May 1, 2014 - 07:57pm PT

Went to climb an area with apparently too many memories today...


SHUT DOWN!!!...







"Dude's the Mack!!!"...
Willoughby

Social climber
Truckee, CA
May 1, 2014 - 11:33pm PT
Credit: Willoughby
Jaybro

Social climber
Wolf City, Wyoming
May 2, 2014 - 12:44am PT
Yow, TBC, that route a few back looks cool!
jonnyrig

Trad climber
formerly known as hillrat
May 2, 2014 - 02:23am PT
Both cracks at the local gym Rocksport in Reno.
If I hit the right leaning, slightly overhung crack first thing, I find I can make the top. If I wait 'til later, I get pumped out up just past where the angle changes and it widens.
The other straight crack is just for running laps now, though initially it was hard. I guess we transpose with time.
Jebus H Bomz

climber
Peavine Basecamp
May 2, 2014 - 02:50am PT
Nice, Johnny. Up and down laps on the easy crack and purely up laps on the leanie meanie. I've seen a guy up and down lap it, I guess that should be my next goal. Those cracks are actually good for the crack endurance.
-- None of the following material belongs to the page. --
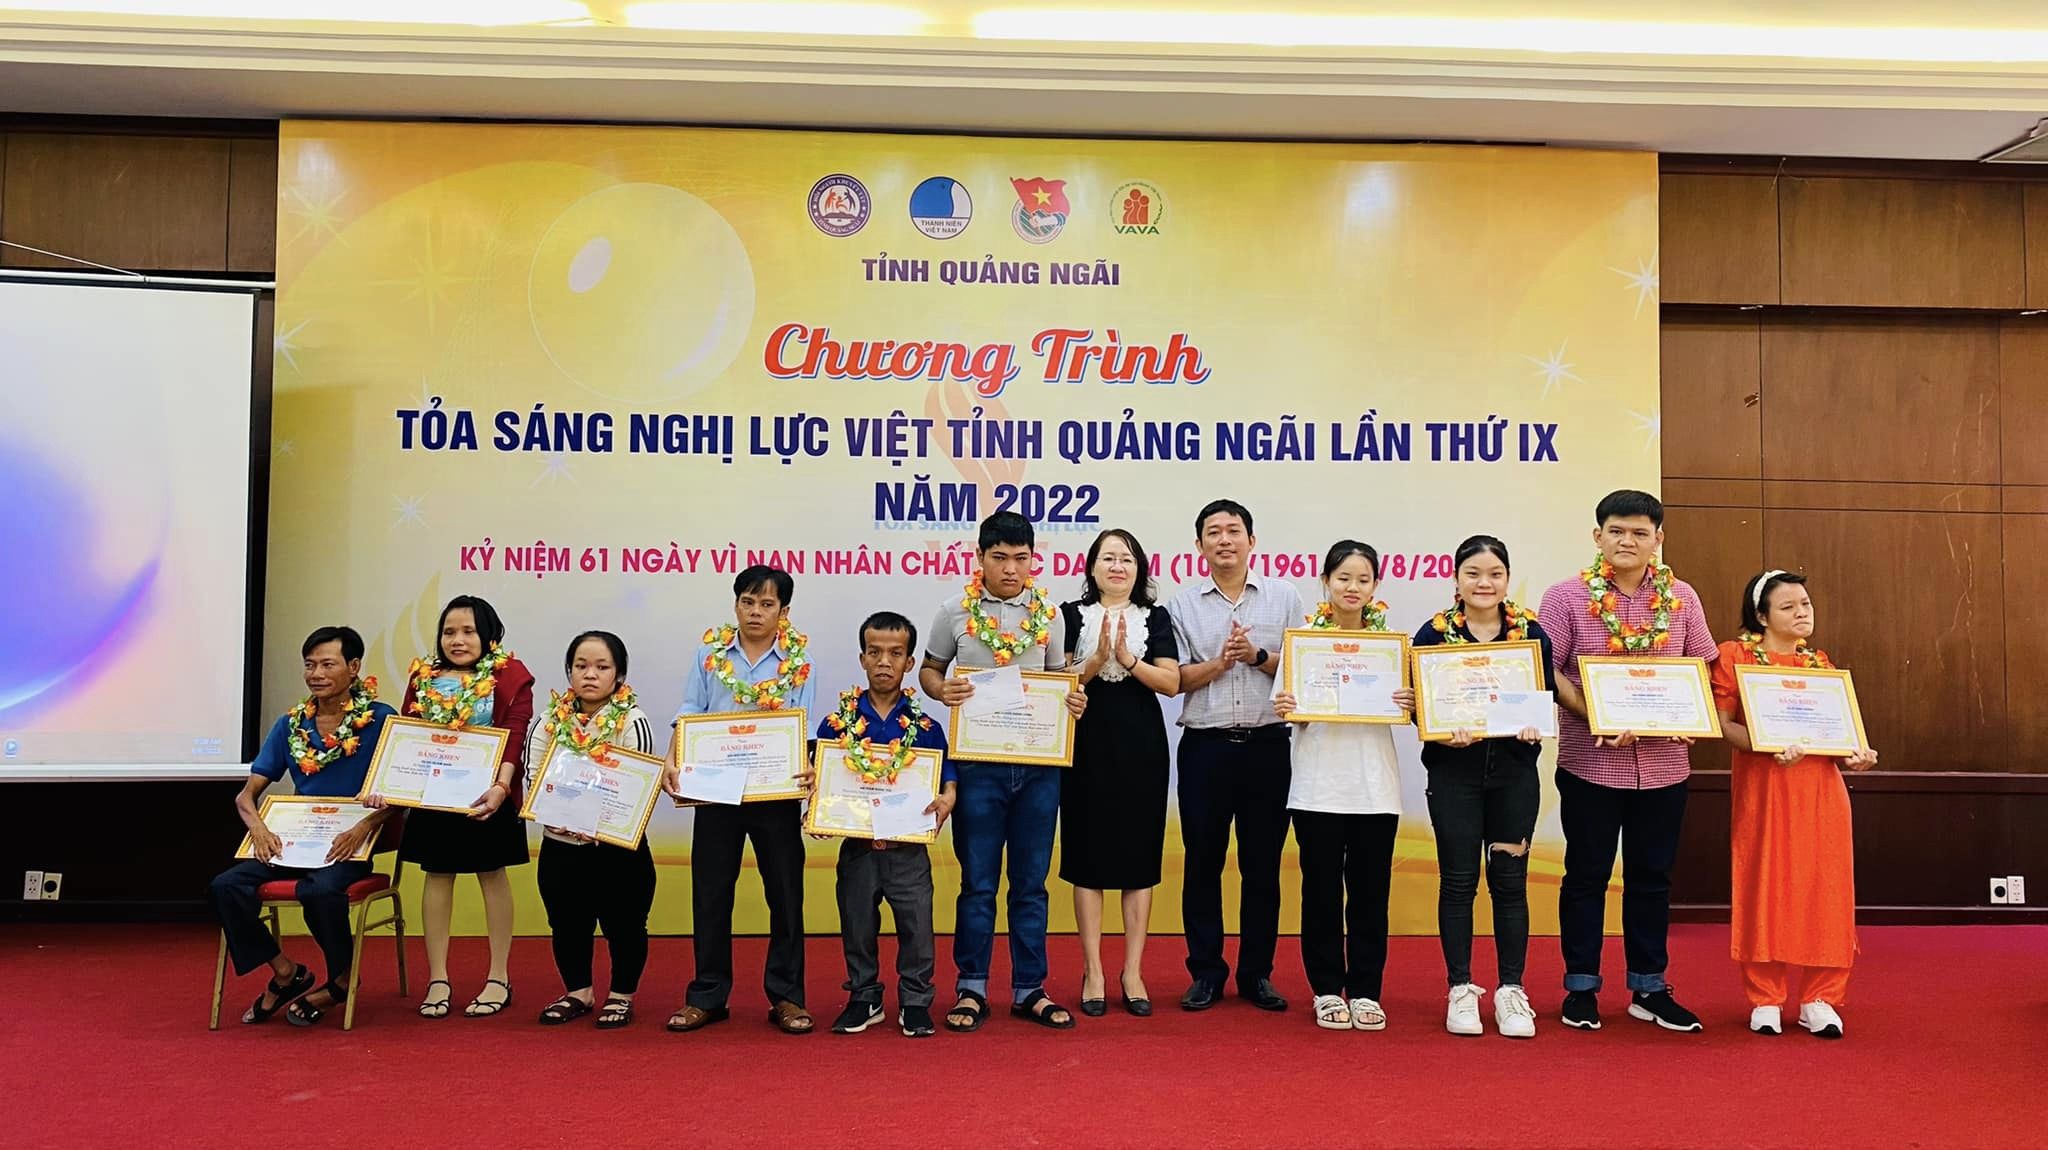 Phan Quang Thái - tấm gương khuyết tật tiêu biểu được tuyên dương tại Chương trình Tỏa sáng nghị lực Việt tỉnh Quảng Ngãi

One thing I've been doing on the easy crack is jamming at regular intervals rather than going for pods so I work the in between sizes.
mcd

Trad climber
May 2, 2014 - 09:40am PT
Erin, adventure climbing
Erin, adventure climbing
Credit: mcd
jonnyrig

Trad climber
formerly known as hillrat
May 2, 2014 - 11:37am PT
Yeah, that easy crack is good fun. I need to work on switching stance, leading left hand up hnstead of right. Problem is never enough time. Just a fluke i happened to be there. 1st time in months.
Surprised gyms dont have more cracks. Try Granite Arch in Sacto if you ever down there, they have quite a few cracks to choose from.
tradmanclimbs

Ice climber
Pomfert VT
May 3, 2014 - 11:05pm PT
Climbed at our very quiet personal crag today. The 3rd climb of the day was a bit exciteing!
A bolt saved my life today. An obscure route that I put up 3 years ago. This was maybe the 4th or 5th ascent? I know I never climbed it last year and not sure if anyone else did? 5.8 and a mix of gear and bolts. It traverses some, goes arround a few corners and then up an arette. I was out of sight from my belayer had just made a clip but was off to the side of the bolt with aparently some decent slack in the system due to rope drag and the natural slack that occurs on traverses. A hold that looked and felt really good broke while I was laying back on it. A solid 20 footer over a roof that almost smacked me in the face. I let out a pretty good scream. It was scary because the fall was so sudden, rock was flying through the air and I went much farther than I expected. We renamed the climb from, You can't Always get What You Want to, Screamer. there is no natural gear anywhere near there that would keep you off the deck.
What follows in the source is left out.